Multipurpose stadium located in Mumbai, India

Mumbai Football Arena is a football stadium in Mumbai, India. It is located in the Andheri Sports Complex. It is one of the few football-only built stadiums in the country.

==History==
Established as part of the Andheri Sports Complex in 1988 by the Brihanmumbai Municipal Corporation, the arena was developed to support local and national sports events, with the football-specific facilities upgraded over time, including renovations for the 2017 FIFA U-17 World Cup, to host professional matches. Mumbai City FC began using the venue as its home starting from the 2016 Indian Super League, transforming it into a key hub for the city's growing football scene. The stadium's location in Andheri West provides convenient access via the Azad Nagar metro station (850 meters away) and Andheri railway station (2.3 kilometers away), providing seamless connectivity for the spectators and enhancing its role in promoting grassroots and elite-level football in urban Mumbai.

==Notable events==
The India national football team played a FIFA international friendly on 3 September 2016, beating the Puerto Rico national football team 4–1 in front of a packed stadium. This was the first international friendly hosted by the city in 61 years.

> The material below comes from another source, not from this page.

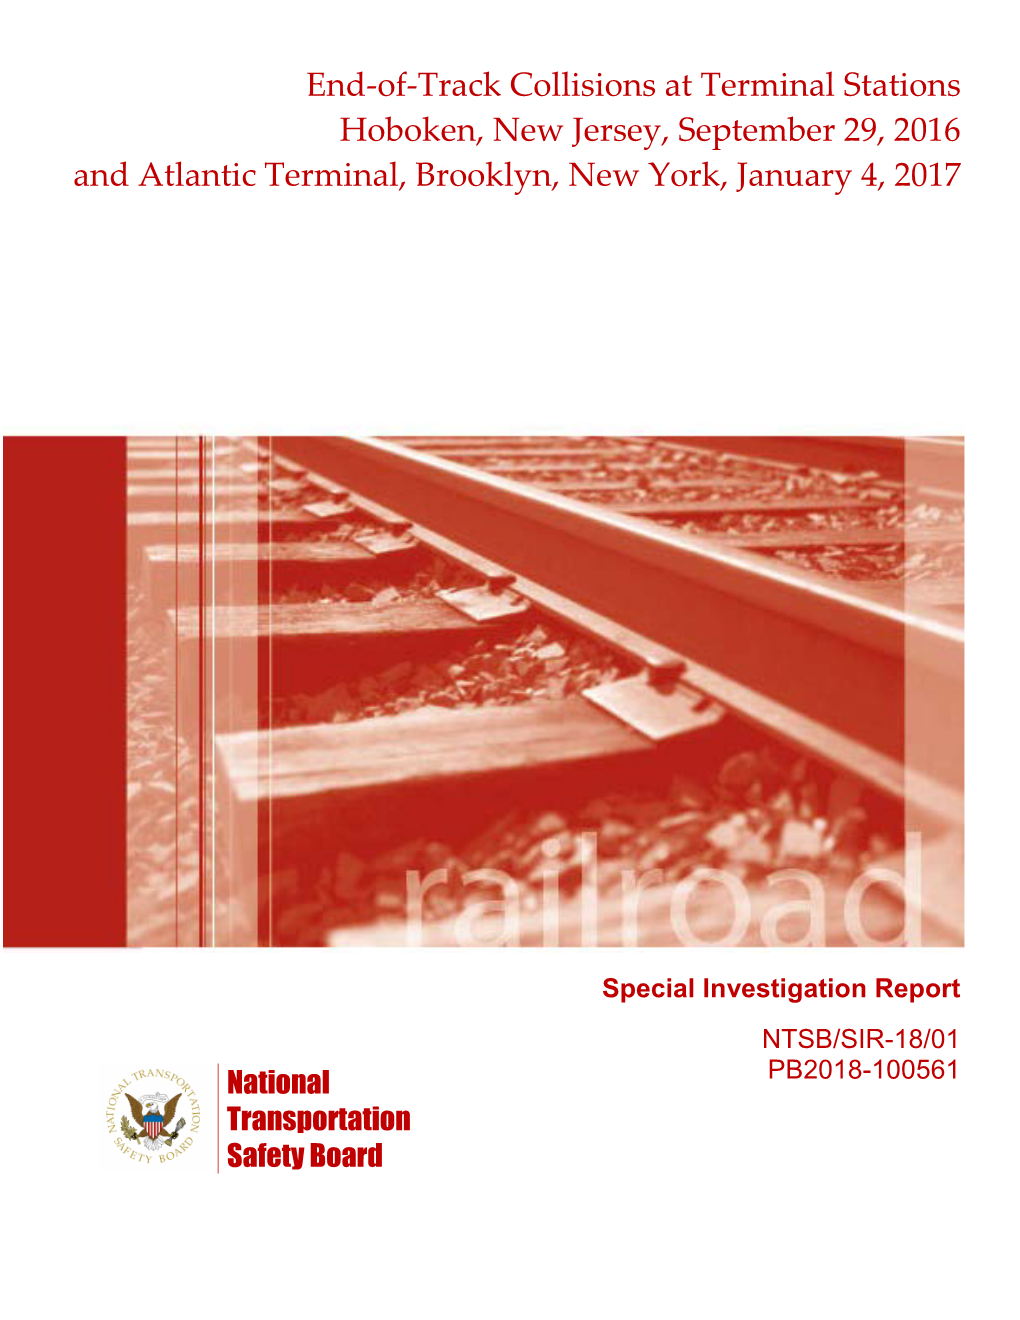 End-Of-Track Collisions at Terminal Stations Hoboken, New Jersey, September 29, 2016 and Atlantic Terminal, Brooklyn, New York, January 4, 2017

On 6 June 2017, the stadium hosted an international friendly match between India and Nepal, which India won 2–0. Goals from Sandesh Jhingan and Jeje Lalpekhlua secured the victory for the hosts.

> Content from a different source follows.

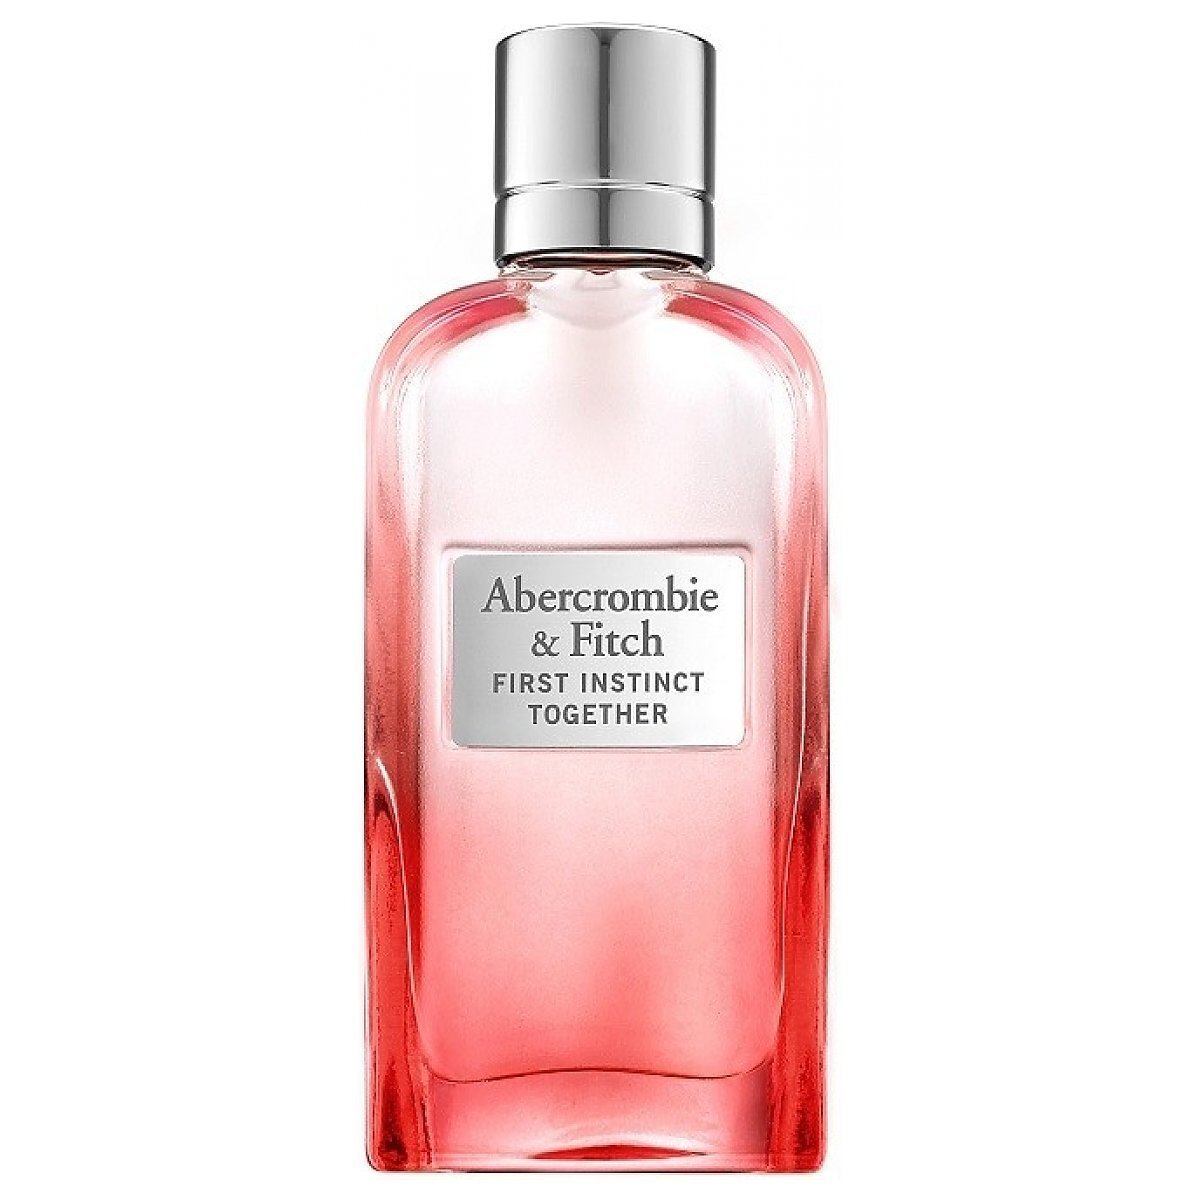 abercrombie & fitch first instinct together woman

The stadium hosted the 2017 Hero Tri-Nation Series between India, Saint Kitts and Nevis, and Mauritius, which was won by India after topping the table.

In June 2018, the stadium hosted all 7 matches of the 2018 Intercontinental Cup, in which the Indian men's football team played against Kenya, New Zealand, and Chinese Taipei, in a four-way tournament. India beat Kenya 2–0 in the final to win the tournament.
Attendance for India's opening match against Chinese Taipei was relatively low. In response, captain Sunil Chhetri made a public appeal for greater fan support, after which all of India's subsequent matches at the stadium were sold out.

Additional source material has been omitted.